# crosstab

Cross-tabulation

## Syntax

``tbl = crosstab(x1,x2)``
``tbl = crosstab(x1,...,xn)``
``````[tbl,chi2,p] = crosstab(___)``````
``````[tbl,chi2,p,labels] = crosstab(___)``````

## Description

example

``tbl = crosstab(x1,x2)` returns a cross-tabulation, `tbl`, of two vectors of the same length, `x1` and `x2`.`

example

``tbl = crosstab(x1,...,xn)` returns a multi-dimensional cross-tabulation, `tbl`, of data for multiple input vectors, `x1`, `x2`, ..., `xn`.`

example

``````[tbl,chi2,p] = crosstab(___)``` also returns the chi-square statistic, `chi2`, and its p-value, `p`, for a test that `tbl` is independent in each dimension. You can use any of the previous syntaxes.```

example

``````[tbl,chi2,p,labels] = crosstab(___)``` also returns a cell array, `labels`, which contains one column of labels for each input argument, `x1` ... `xn`.```

## Examples

collapse all

Create two sample data vectors, containing three and four distinct values, respectively.

```x = [1 1 2 3 1]; y = [1 2 5 3 1];```

Cross-tabulate `x` and `y`.

`table = crosstab(x,y)`
```table = 3×4 2 1 0 0 0 0 0 1 0 0 1 0 ```

The rows in `table` correspond to the three distinct values in `x`, and the columns correspond to the four distinct values in `y`.

Generate two independent vectors, `x1` and `x2`, each containing 50 discrete uniform random numbers in the range `1:3`.

```rng default; % for reproducibility x1 = unidrnd(3,50,1); x2 = unidrnd(3,50,1);```

Cross-tabulate `x1` and `x2`.

`[table,chi2,p] = crosstab(x1,x2)`
```table = 3×3 1 6 7 5 5 2 11 7 6 ```
```chi2 = 7.5449 ```
```p = 0.1097 ```

The returned `p` value of `0.1097` indicates that, at the 5% significance level, `crosstab` fails to reject the null hypothesis that `table` is independent in each dimension.

Load the sample data, which contains measurements of large model cars during the years 1970-1982.

`load carbig`

Cross-tabulate the data of four-cylinder cars (`cyl4`) based on model year (`when`) and country of origin (`org`).

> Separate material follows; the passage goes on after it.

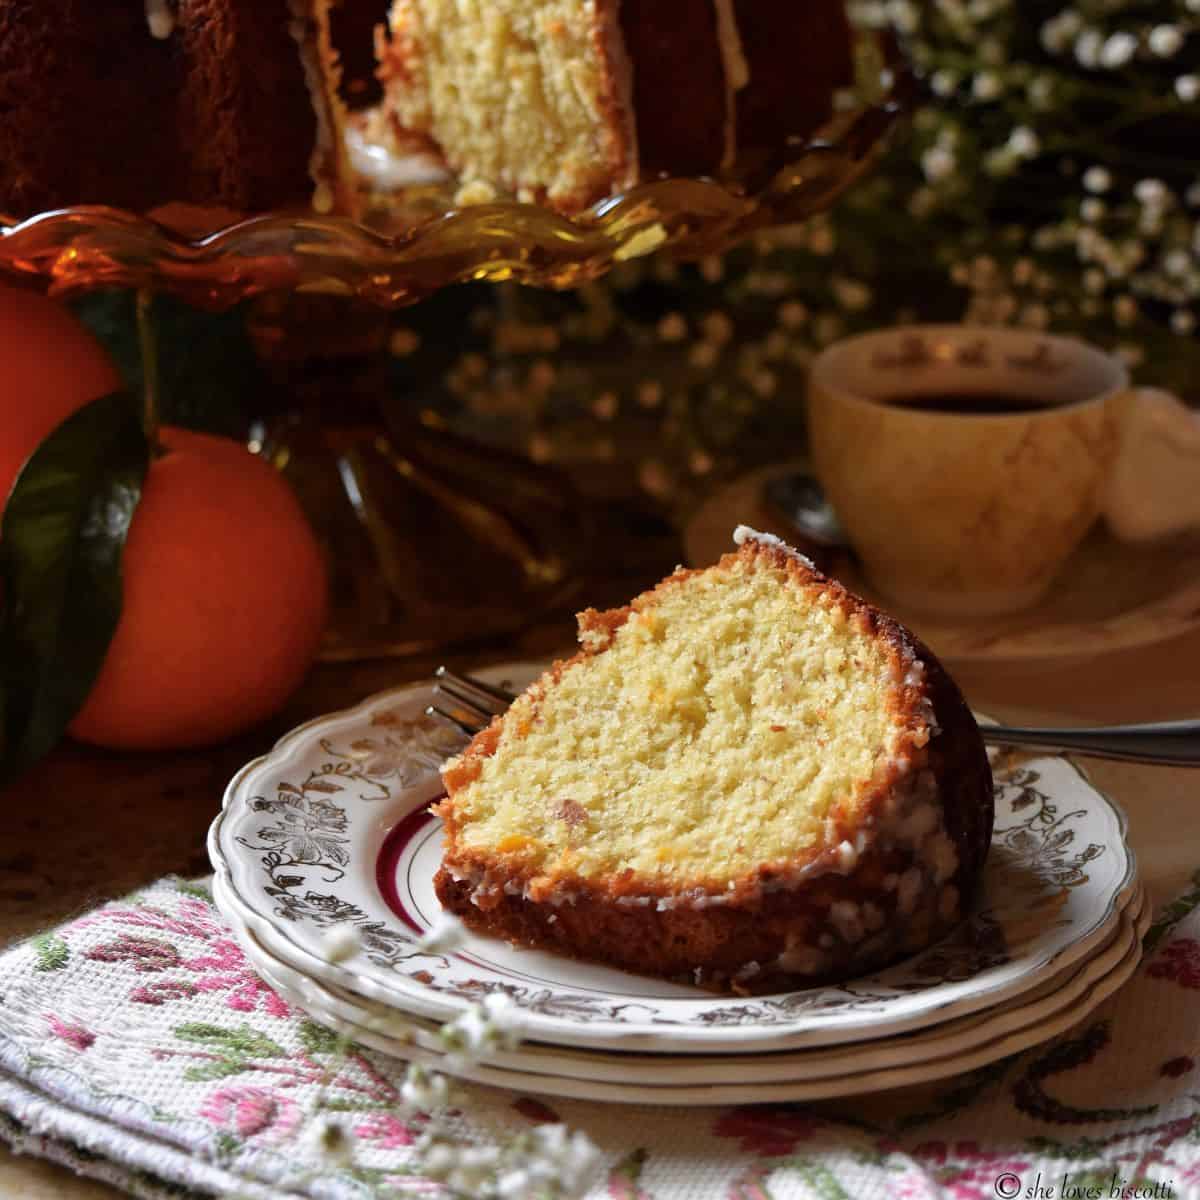 Almond Mini Bundt Cakes with Orange Glaze - My Sweet Precision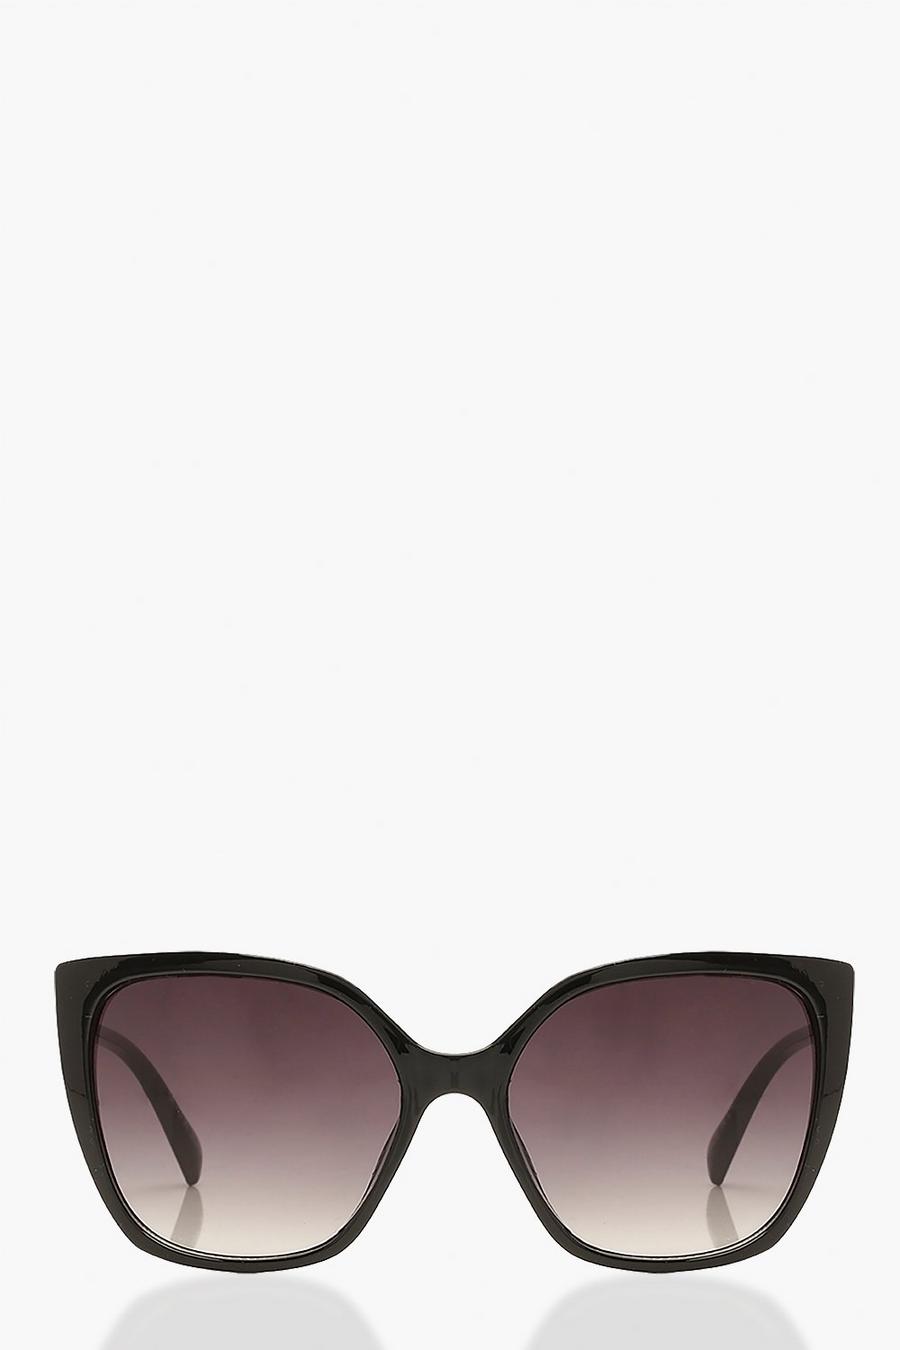 שחור משקפי שמש עיני חתול אוברסייז עם עדשות גרדיאנט image number 1

`[table,chi2,p,labels] = crosstab(cyl4,when,org);`

Use `labels` to determine the index location in `table` for the number of four-cylinder cars made in the USA during the late period of the data.

`labels`
```labels=3×3 cell array {'Other' } {'Early'} {'USA' } {'Four' } {'Mid' } {'Europe'} {0x0 double} {'Late' } {'Japan' } ```

The first column of `labels` corresponds to the data in `cyl4`, and indicates that row `2` of `table` contains data on cars with four cylinders. The second column of `labels` corresponds to the data in `when`, and indicates that column `3` of `table` contains data on cars made during the late period. The third column of `labels` corresponds to the data in `org`, and indicates that location `1` of the third dimension of `table` contains data on cars made in the USA.

Therefore, `table(2,3,1)` contains the number of four-cylinder cars made in the USA during the late period.

`table(2,3,1)`
```ans = 38 ```

The data contains 38 four-cylinder cars made in the USA during the late period.

Create a contingency table from data, and visualize the table in a heatmap chart.

`load hospital`

The `hospital` dataset array contains data on 100 hospital patients, including last name, gender, age, weight, smoking status, and systolic and diastolic blood pressure measurements.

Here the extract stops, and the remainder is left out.